Karsten Osenbrück1, Freya Fünfgeld1, Jürgen Sültenfuss2, Nia Blackwell1, and Peter Grathwohl1
Karsten Osenbrück et al.
  • 1Center for Applied Geoscience, University of Tuebingen, Tuebingen, Germany (karsten.osenbrueck@uni-tuebingen.de)
  • 2Institute of Environmental Physics, University of Bremen, Bremen, Germany (suelten@uni-bremen.de)

Fractured and karstified aquifers are often vulnerable to pollution by nitrate or other anthropogenic compounds. Therefore, a better understanding of the flow and transport processes in these aquifers is imperative for effective drinking water management. In this study, we used the analysis of tritium and tritiogenic helium-3 concentrations to estimate the residence and exposure time of nitrate transported in a fractured groundwater system of the Upper Muschelkalk in southwest Germany.

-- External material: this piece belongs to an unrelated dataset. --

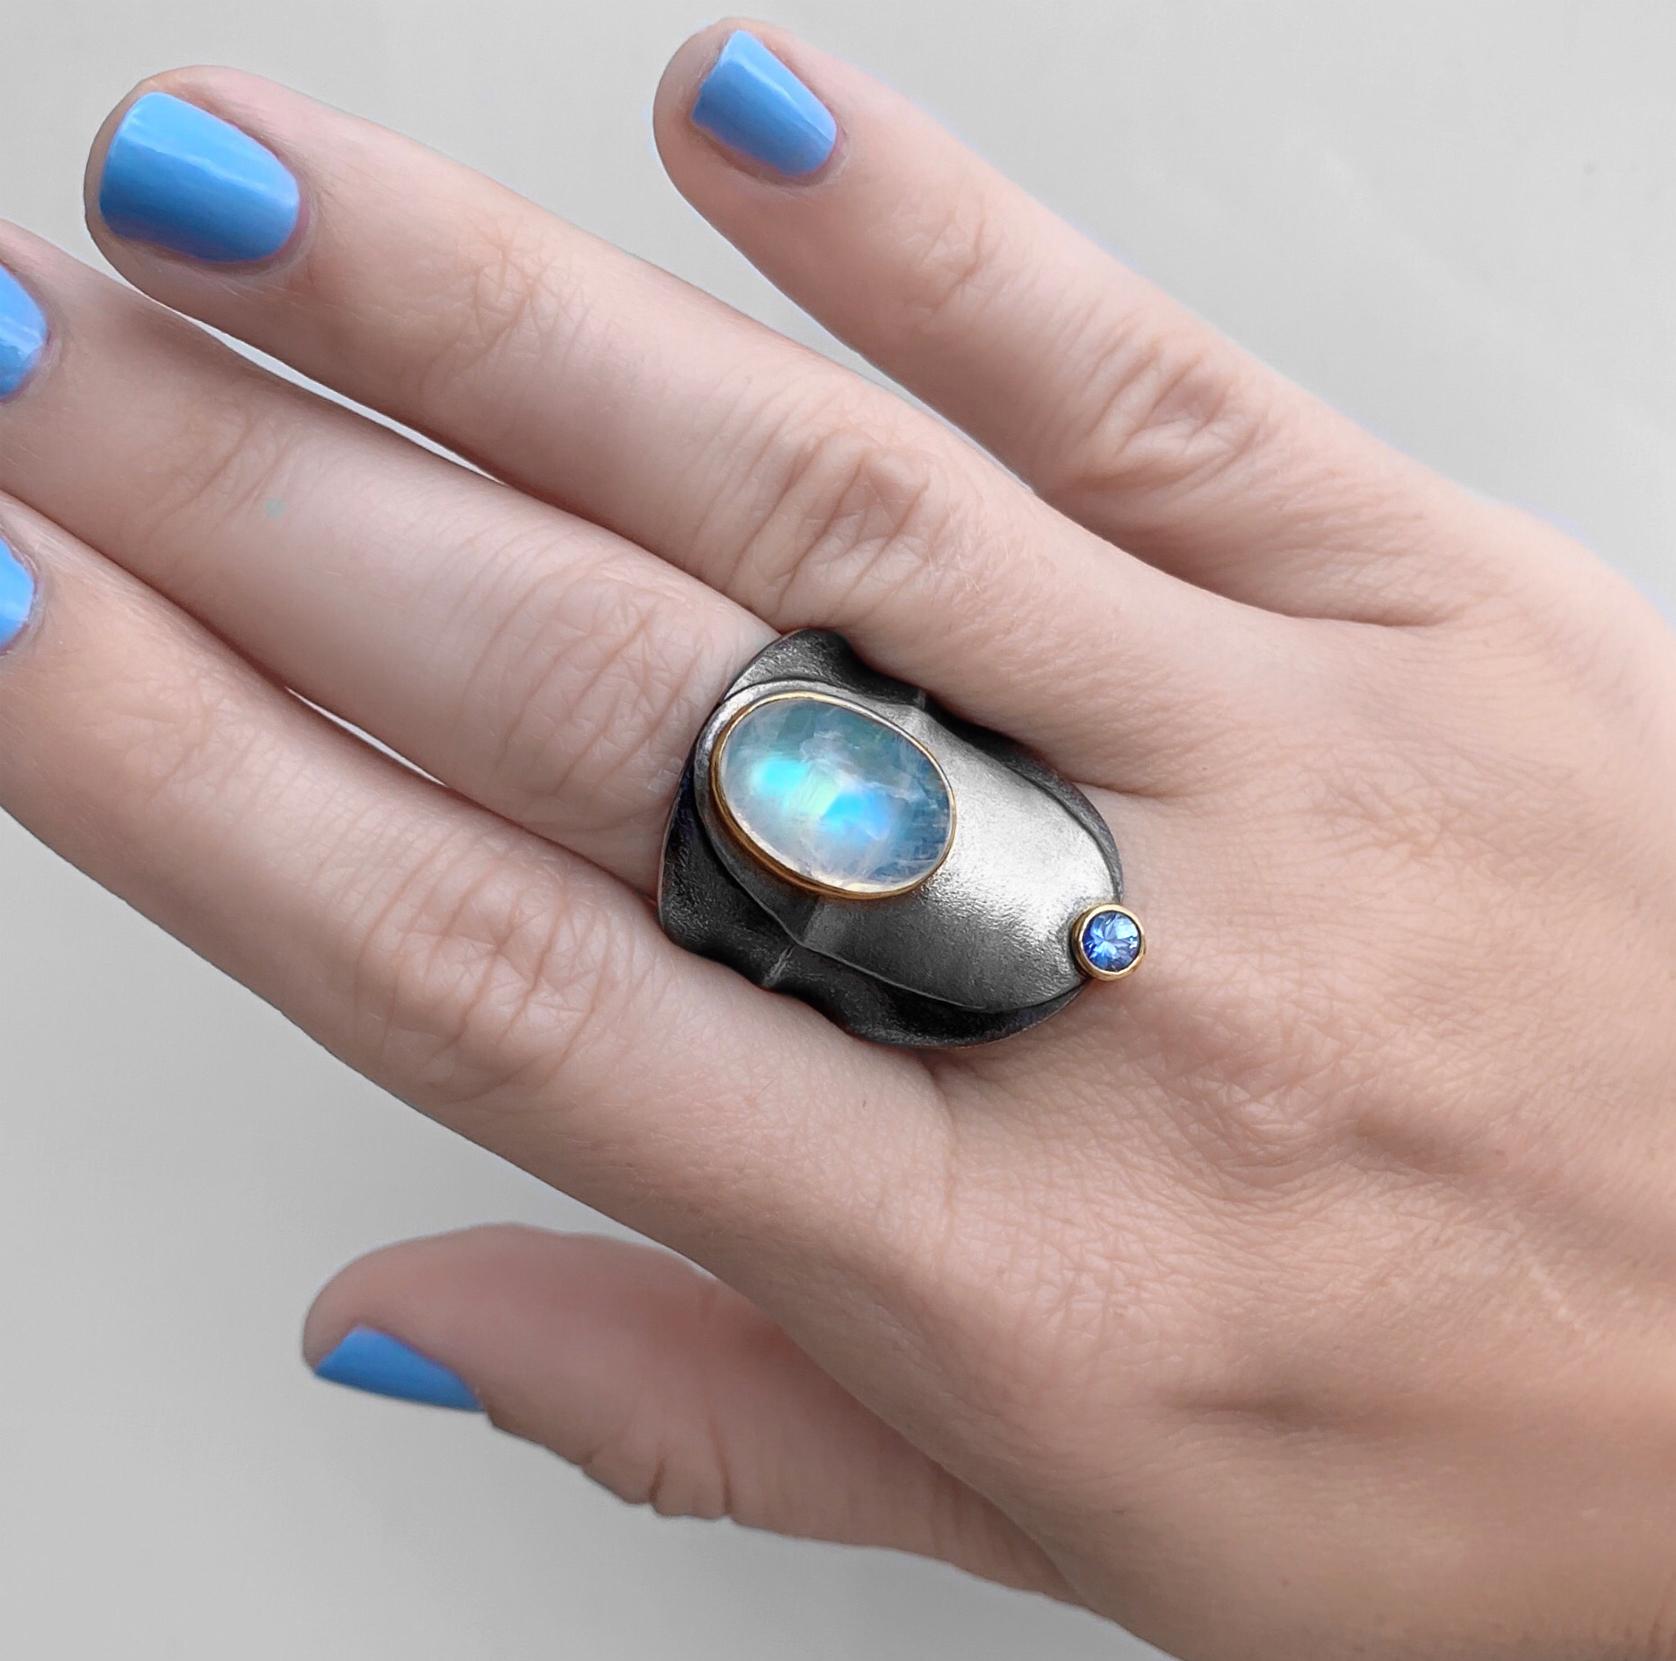 One of a Kind Double Stone Ring hand-fabricated in Germany by master jewellery maker Peter Schmid of Atelier Zobel, featuring a spectacular 6.12 carat cabochon-cut rainbow moonstone and a 0.24 carat natural lilac sapphire, each set in a 22k yellow

The recharge area is characterised by elevated nitrate concentrations of up to 60 mg/L which are in accordance with dominating agricultural landuse in the catchment. Further along the groundwater flow direction a significant decrease in dissolved oxygen as well as nitrate concentrations to values close to the detection limit is observed.

Tritium/3He ages were found to be in the range of zero to forty years. However, in the fractured aquifer the age tracers were most probably affected by mixing and exchange processes that might change the concentration as well as the ratio of tritium and helium-3 in addition to radioactive decay. Therefore, we investigated the impact of different transport processes such as mixing of water parcels at fracture joints or exchange between mobile water on fractures and the pore matrix using forward convolution approaches for both isotopes separately.

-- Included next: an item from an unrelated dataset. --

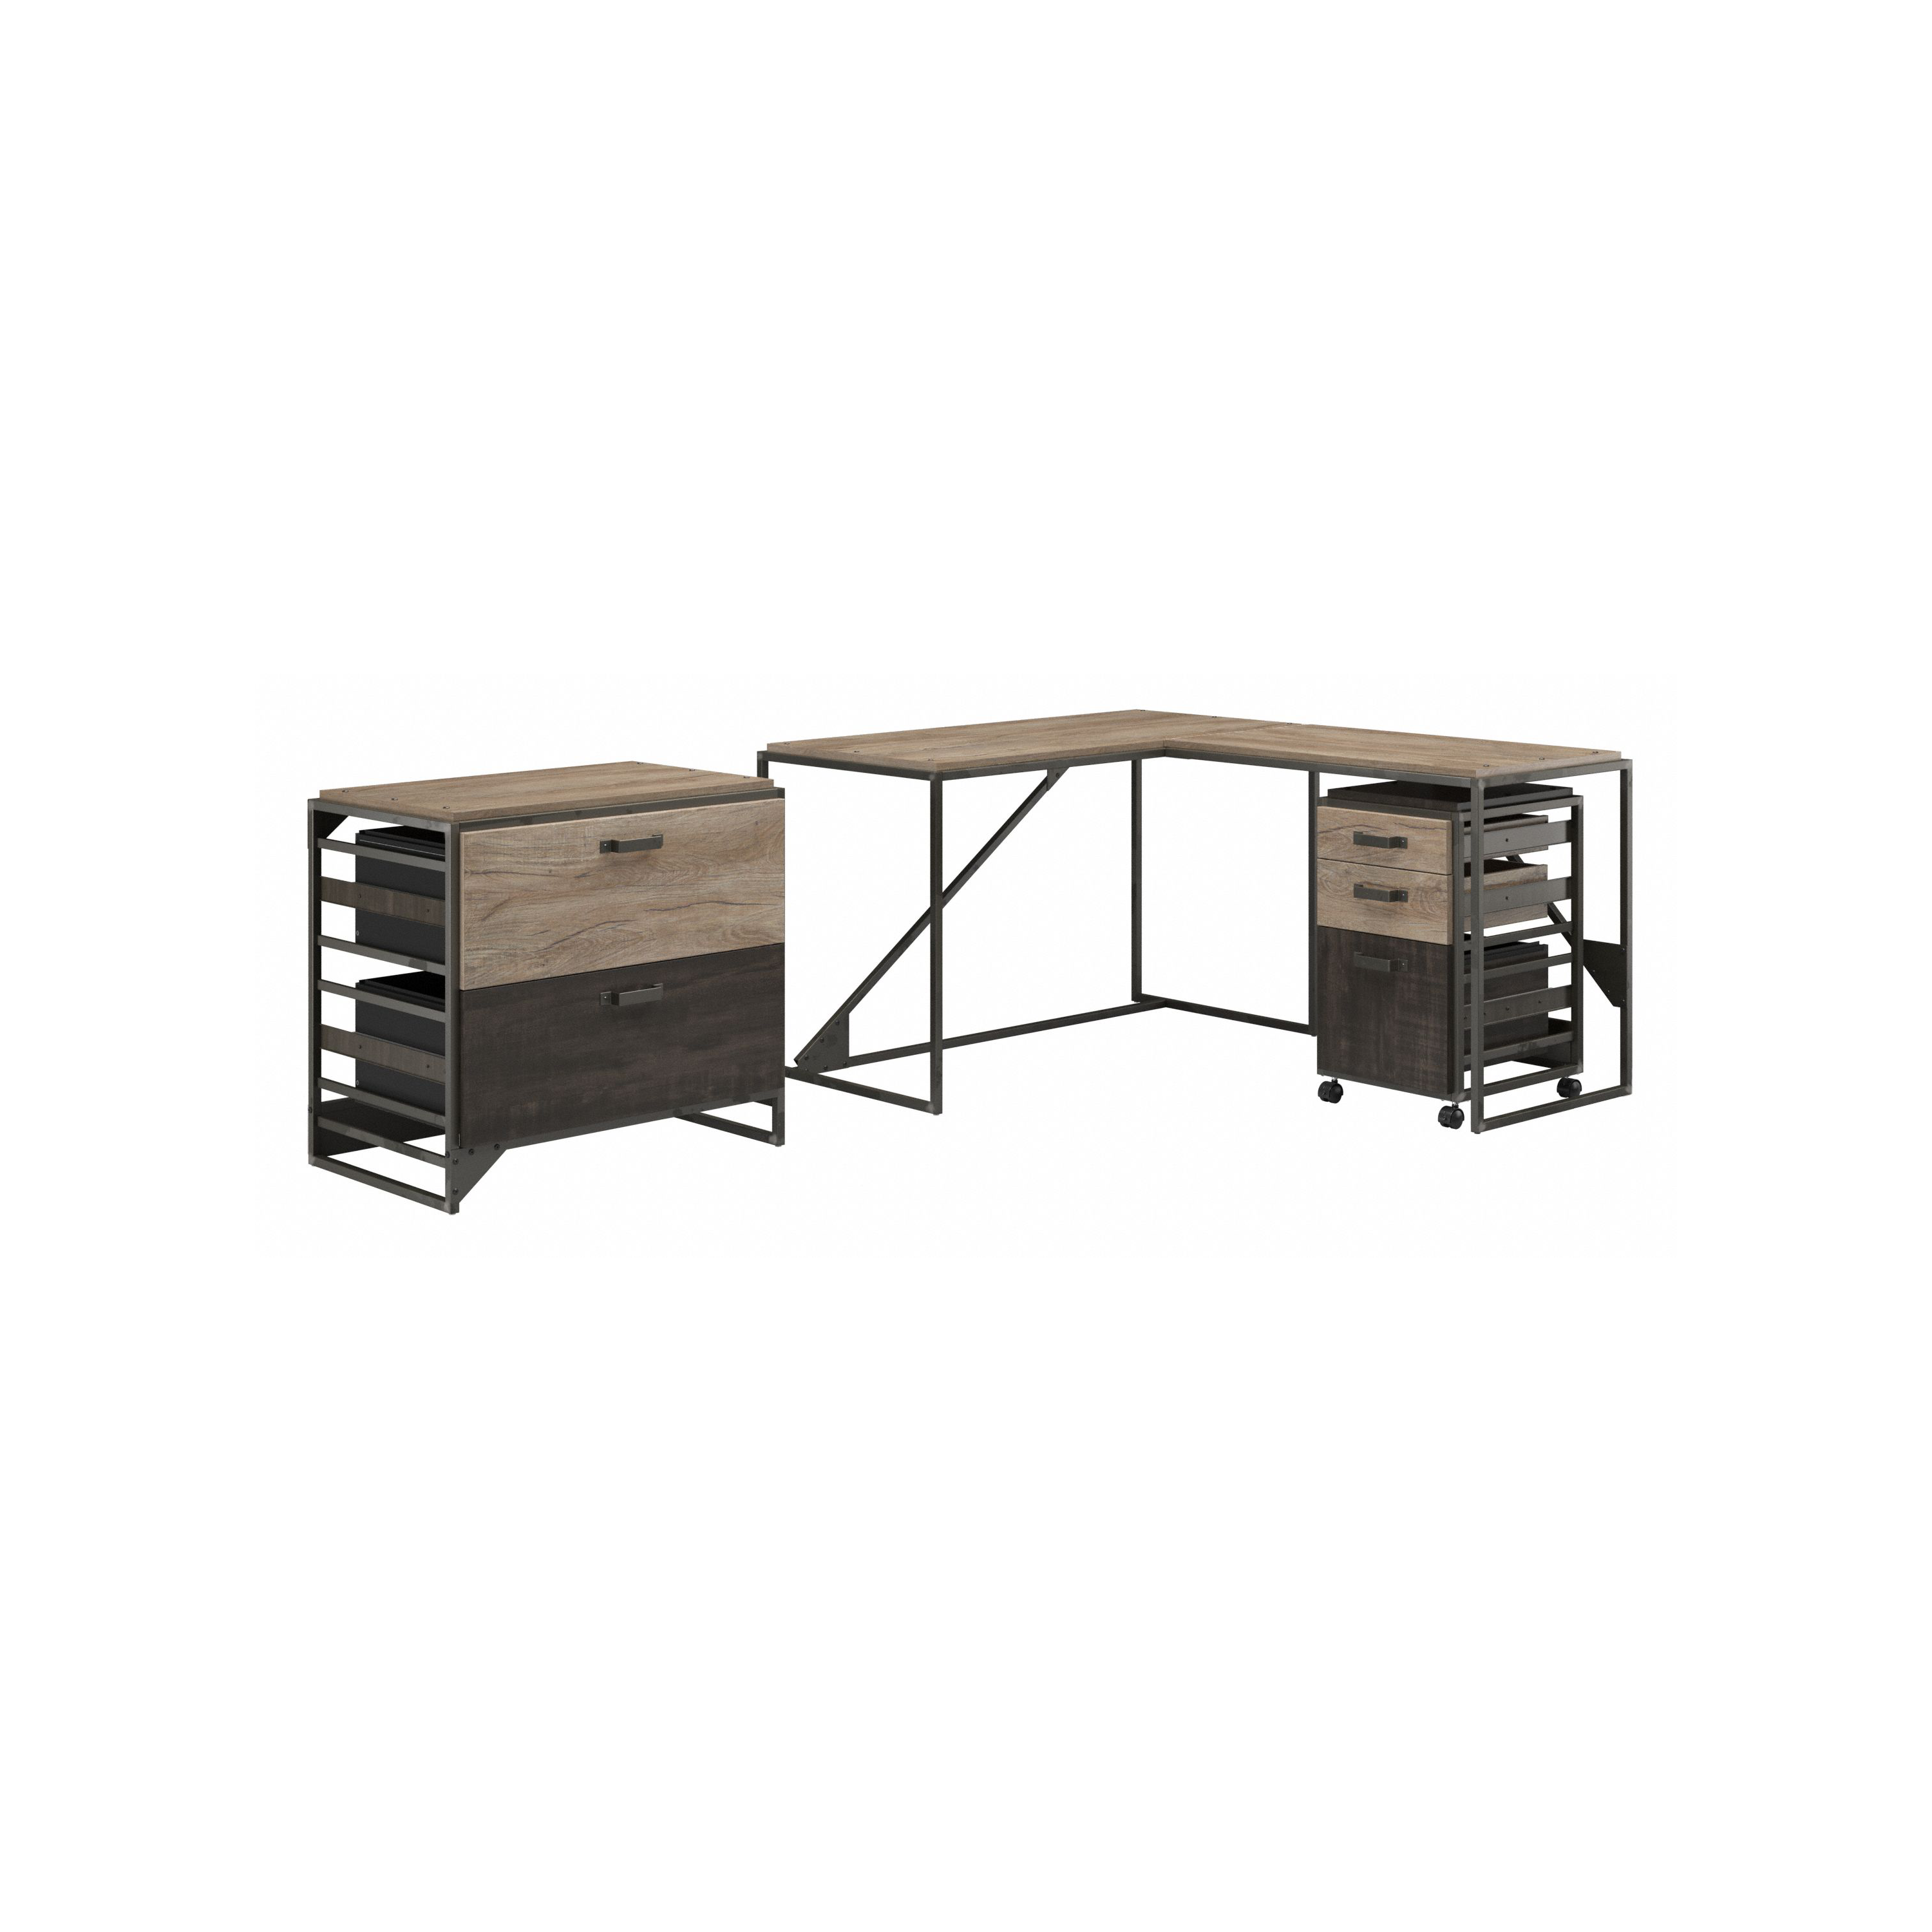 Shop Bush Furniture Refinery 50W L Shaped Industrial Desk with File Cabinets 02 RFY009RG #color_rustic gray/charred wood

In combination with hydrochemical, multi-isotopic, petrographical, and molecular biological data, the groundwater residence time data was intended to gain crucial insight into the processes and limiting factors of autotrophic denitrification found within the Muschelkalk aquifer.

How to cite: Osenbrück, K., Fünfgeld, F., Sültenfuss, J., Blackwell, N., and Grathwohl, P.: Tritium-Helium Dating of Groundwater in a Fractured and Karstified Carbonate Rock Aquifer, EGU General Assembly 2020, Online, 4–8 May 2020, EGU2020-10148, https://doi.org/10.5194/egusphere-egu2020-10148, 2020.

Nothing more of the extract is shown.